В четверг после обеда мадам Бержеро осталась в булочной одна. Софи, Ксавье и Майлис сопровождают меня на кладбище. Рик тоже с нами. Я не знаю, что больше меня потрясло: смерть Алисы или то, что мои друзья сделали все возможное, чтобы не оставлять меня одну. Я прижимаю к себе фотографию ее брата и письмо от нее. Дождя нет, но небо серое и мрачное. Мы все одеты в черное и ждем катафалк, стоя возле кладбища. Ветер срывает с тополей желтые листья. Мы молчим, но главное — мы вместе.
Когда приходит машина, мы следуем за ней до аллеи, где могильщики вскрыли семейную могилу. Я наблюдаю за происходящим в состоянии прострации. Словно в замедленной съемке, вижу, как сотрудники похоронного бюро выносят гроб и ждут моего сигнала, чтобы опустить его вниз. Он встает прямо над гробом ее брата. Мне хочется верить, что теперь они встретятся в другом мире и вновь обретут друг друга, чтобы больше никогда не терять.
Я стою на краю могилы. Помогаю разложить цветы. Софи плачет. Для нее это трудное испытание, ведь она потеряла отца всего год назад. Ксавье и Майлис стоят с серьезными лицами, не сводя с меня глаз. Рик словно прячется за ними. Я немного отступаю, чтобы мужчины могли сделать свою работу, и замечаю его взволнованное лицо. Похоже, дело здесь не только в сопереживании, но и в чем-то более личном.
Мы остаемся до самого конца, пока не ставят на место плиту. Скоро на ней выгравируют еще одно имя. Катафалк уезжает. На кладбище безлюдно. Я не умею молиться. Просто наклоняюсь и глажу надгробный камень. И тихо шепчу:
— Доброй ночи, Алиса. Поцелуйте их за меня. Я скоро вернусь, обещаю.
Наверное, я и впрямь внушаю жалость, поскольку все в булочной со мной очень приветливы. Меня терзает ситуация с Риком. Расхождение между нашей видимой жизнью и тем, что мне известно, слишком велико. Стыдно, но смерть мадам Рудан избавляет меня от расспросов по поводу моего расстроенного вида.

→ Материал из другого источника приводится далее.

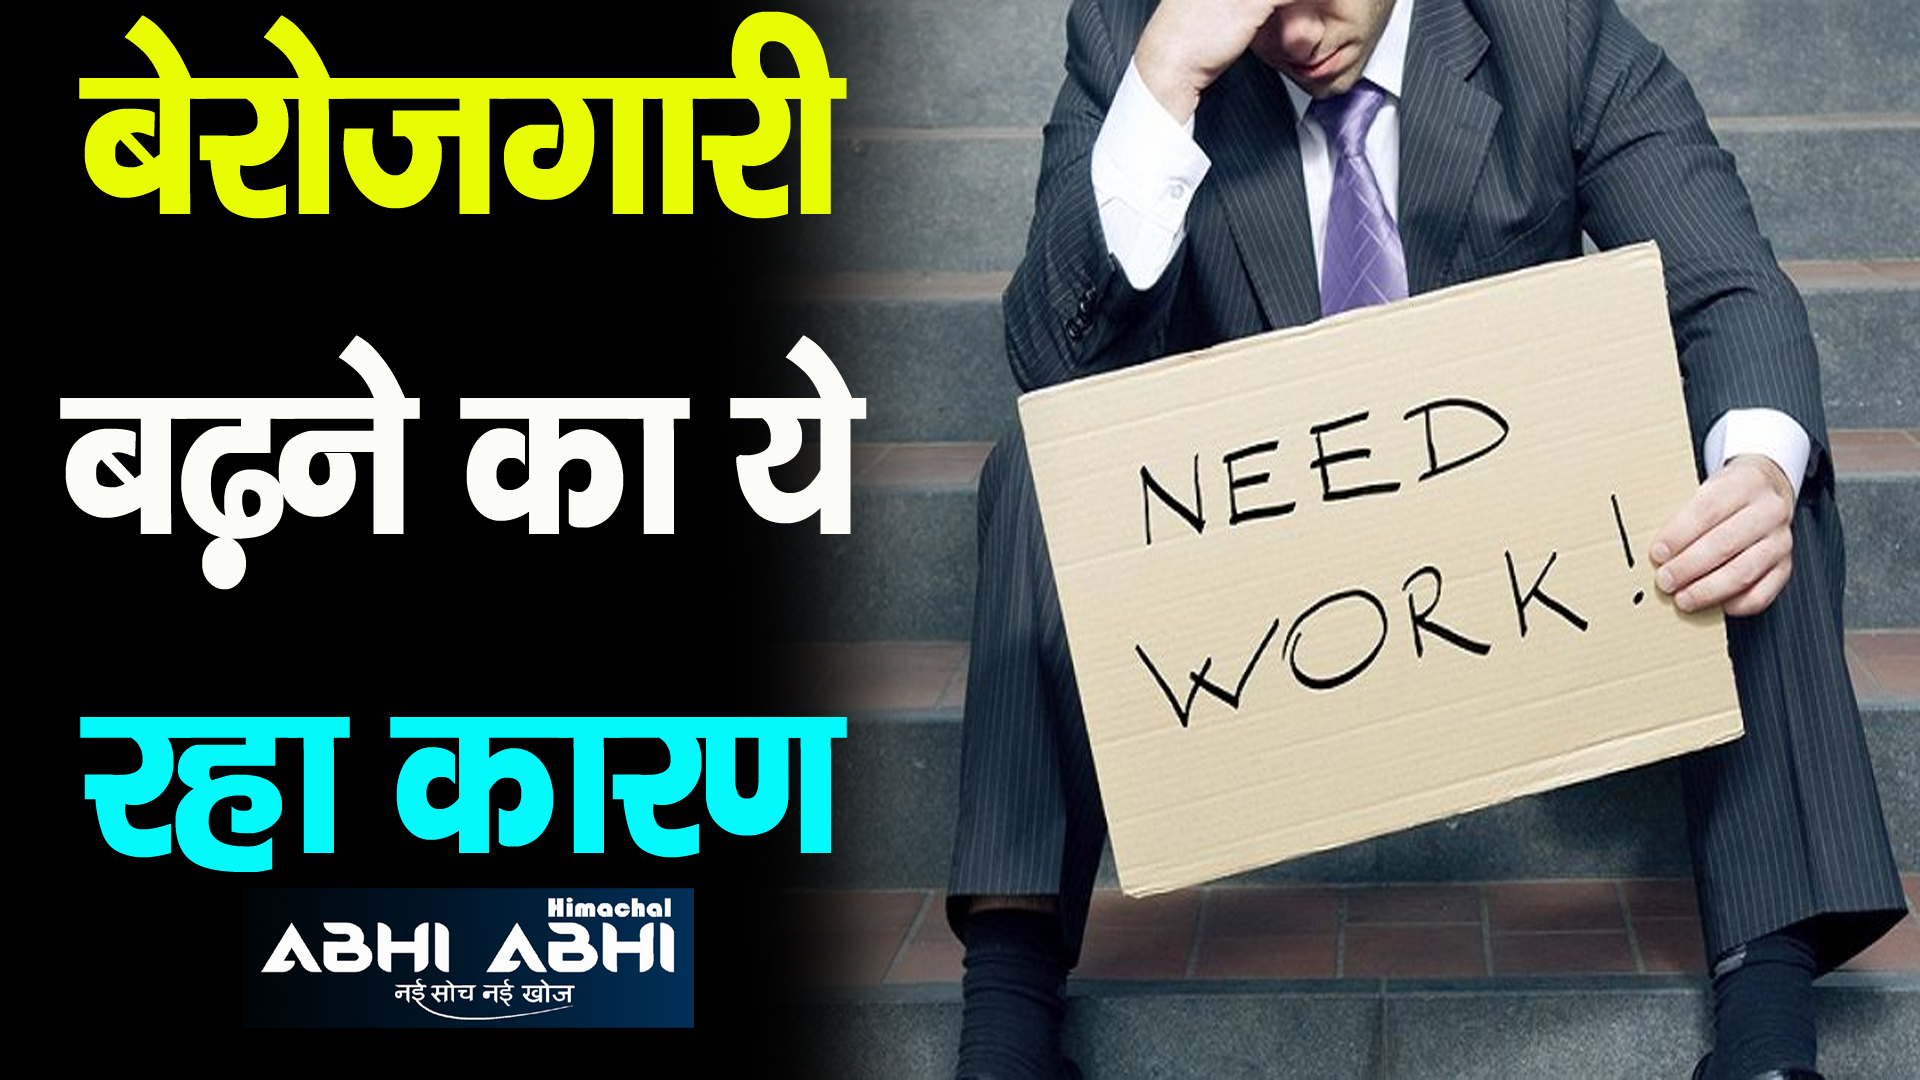 बेरोजगारी बढ़ने का ये रहा कारण
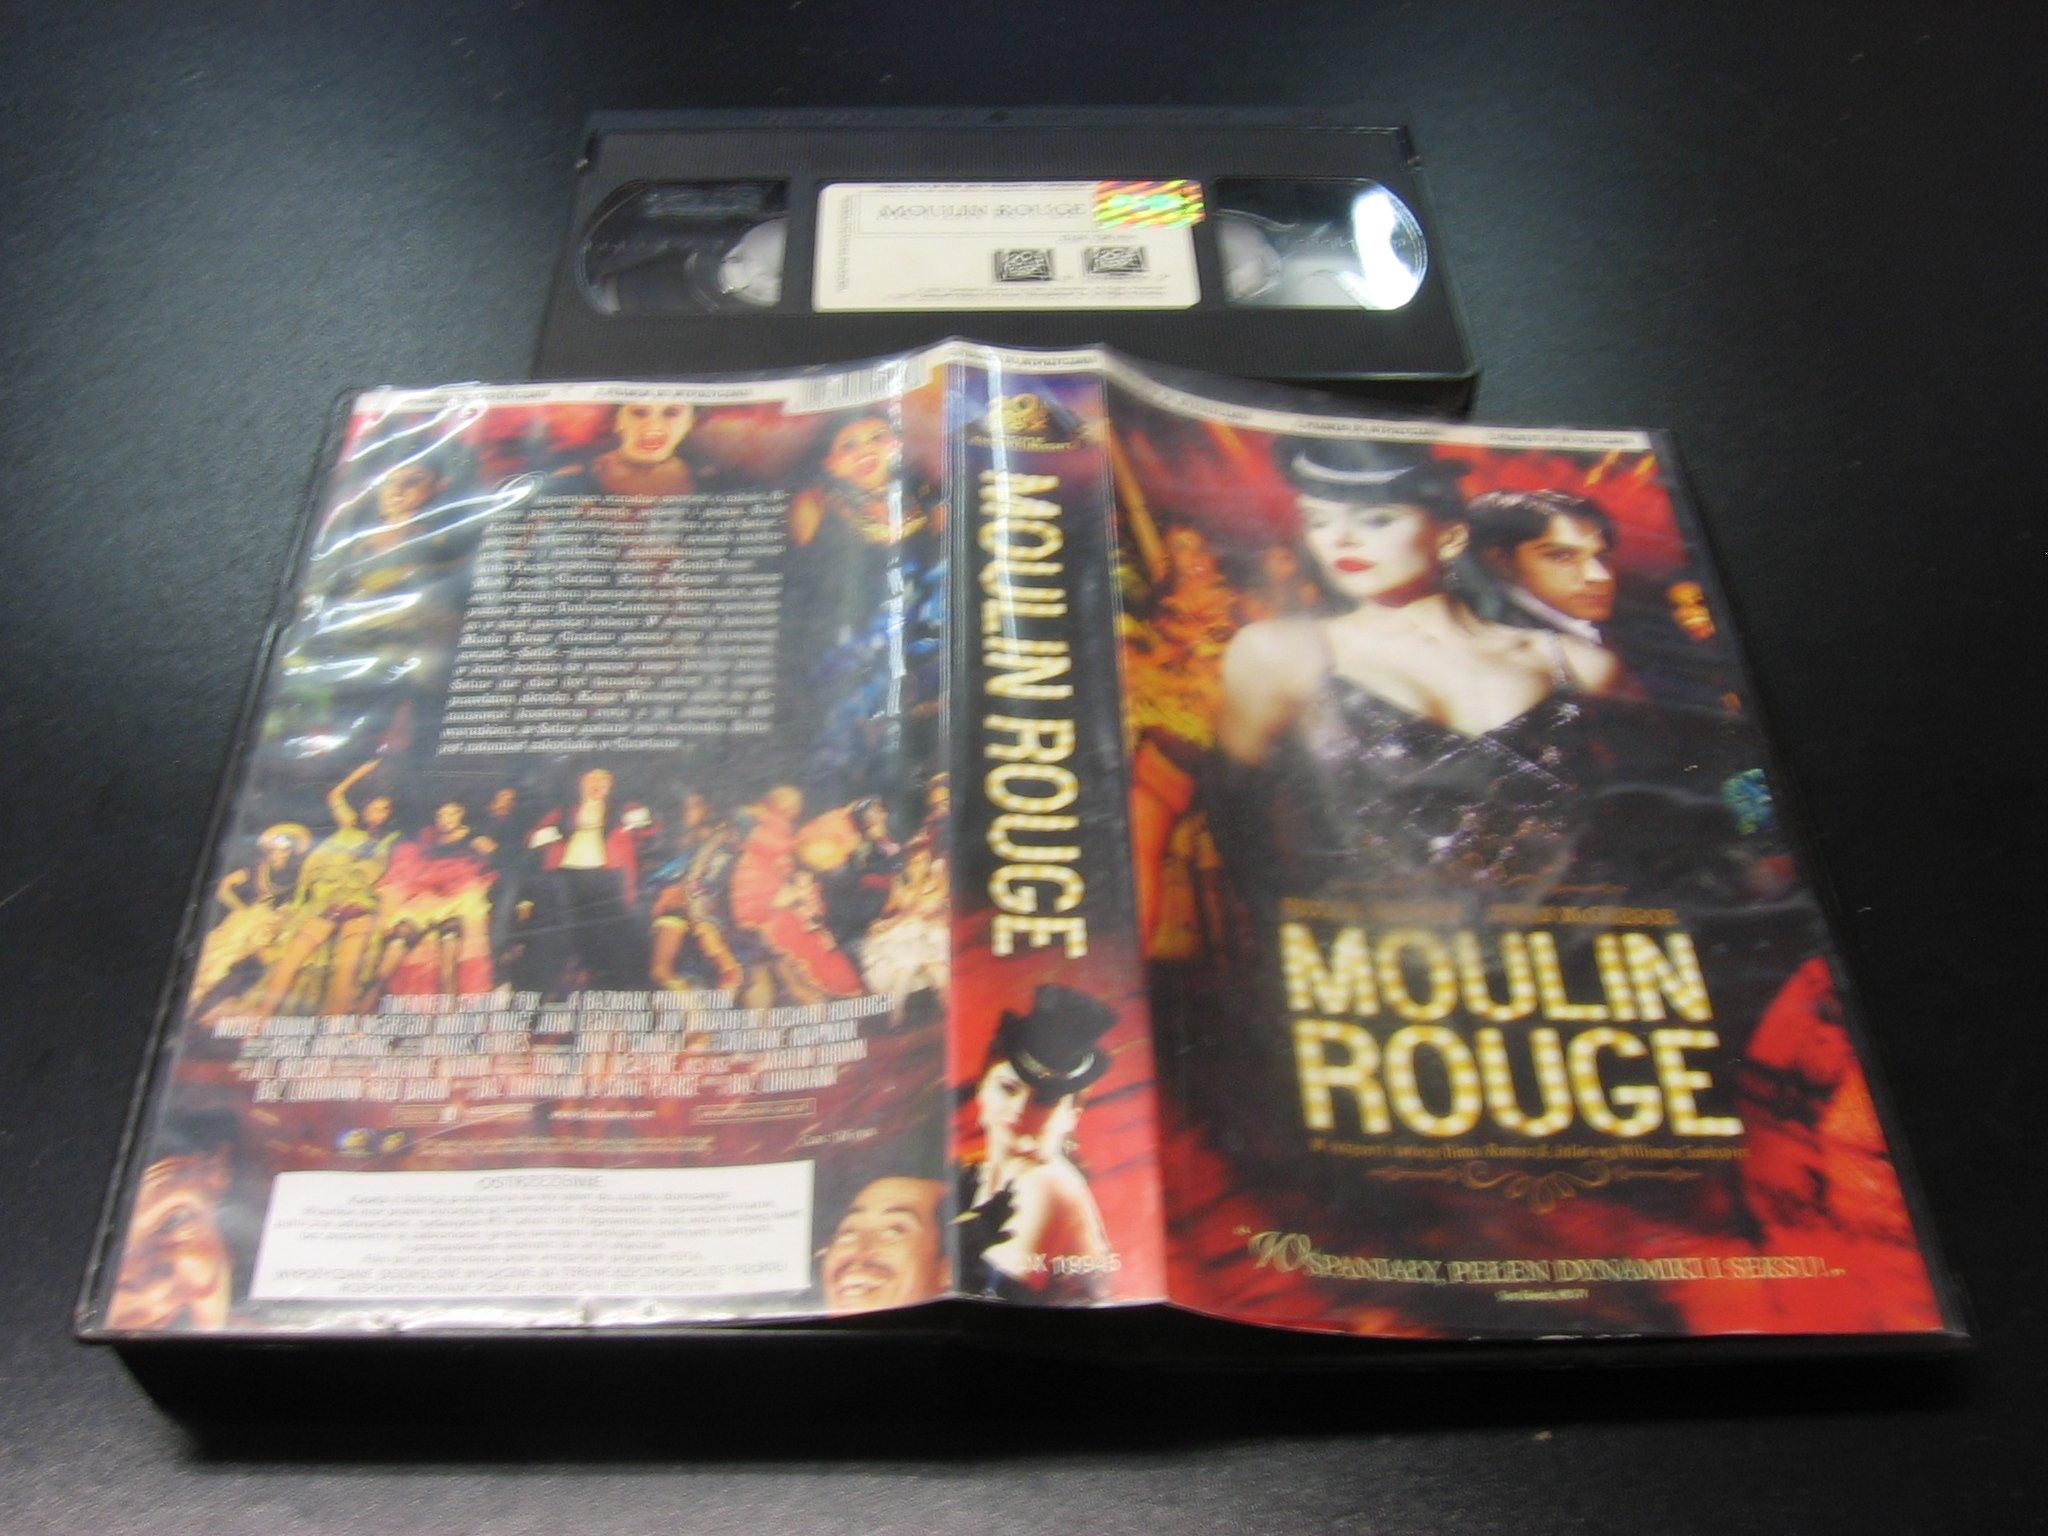 MOULIN ROUGE ```````````` VHS ```````````` Opole 0434

У меня больше не получается чему-либо радоваться, я думаю только о его плане ограбления и об открытии музея Дебрей, дата которого неумолимо приближается. Осталось всего две недели. Собирается ли он провернуть свое дело накануне? Сбежит ли сразу после этого? Предложит ли уехать с ним? Пока он ведет себя как ни в чем не бывало, а я медленно схожу с ума.